We certainly do have some confusion of terminology.

As far as I'm concerned, a true fan dipole is a 2-dimensional version of a conical dipole,
composed either of triangles cut from sheet metal or a fan of wires of about the same length to
replace a flat sheet.  (Similar to the bow-tie dipoles used for VHF TV.)   You find the term used that
way in Kraus and some of the other older engineering books, either as a dipole or a monopole.
Like this commercial version.

They aren't common in ham usage, but a fan with 5 wires each 40' long on each side of a 4 : 1 balun
you can get an SWR of about 3 : 1 or better continuously from 7 to 30 MHz - within the range of
most built-in autotuners.  This may give better results than trying to use parallel dipoles that are
so close in frequency:  20 / 15 / 10m isn't bad, but 20 / 17 / 15 / 12 / 10 can be problematic.
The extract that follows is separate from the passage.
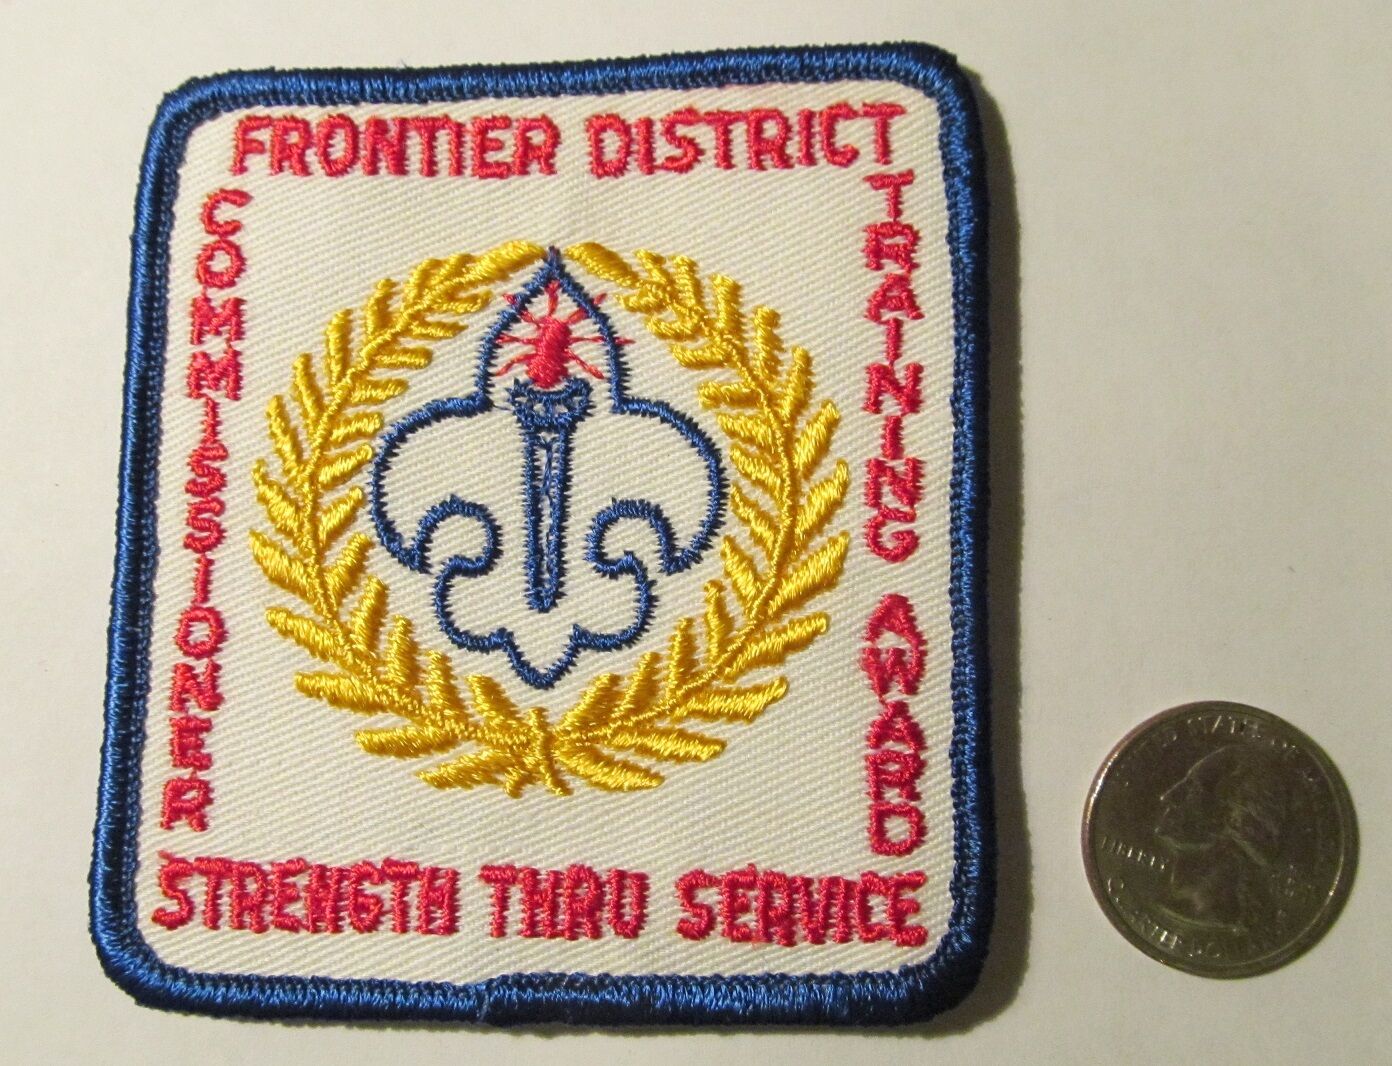 Patch - BOY SCOUTS BSA  - FRONTIER DISTRICT Award STRENGTH Service /////////////

Clearly whoever applied the term to multiple dipoles on a common feedpoint hadn't read enough of
the old antenna literature!

For multiple dipoles, they can either be run parallel or the ends fanned out - my experience is
that the further the ends of the wires are separated, the less tuning interaction there is
among the various bands.  Parallel wires seem to be preferred when the number of tie-off
points is limited, but I've had good luck letting the shorter wires hang down below the
longer ones by adjusting the string that ties the end insulators to the end of the longest
element.

So, yes, there is a lot of room for confusion in the terms we use...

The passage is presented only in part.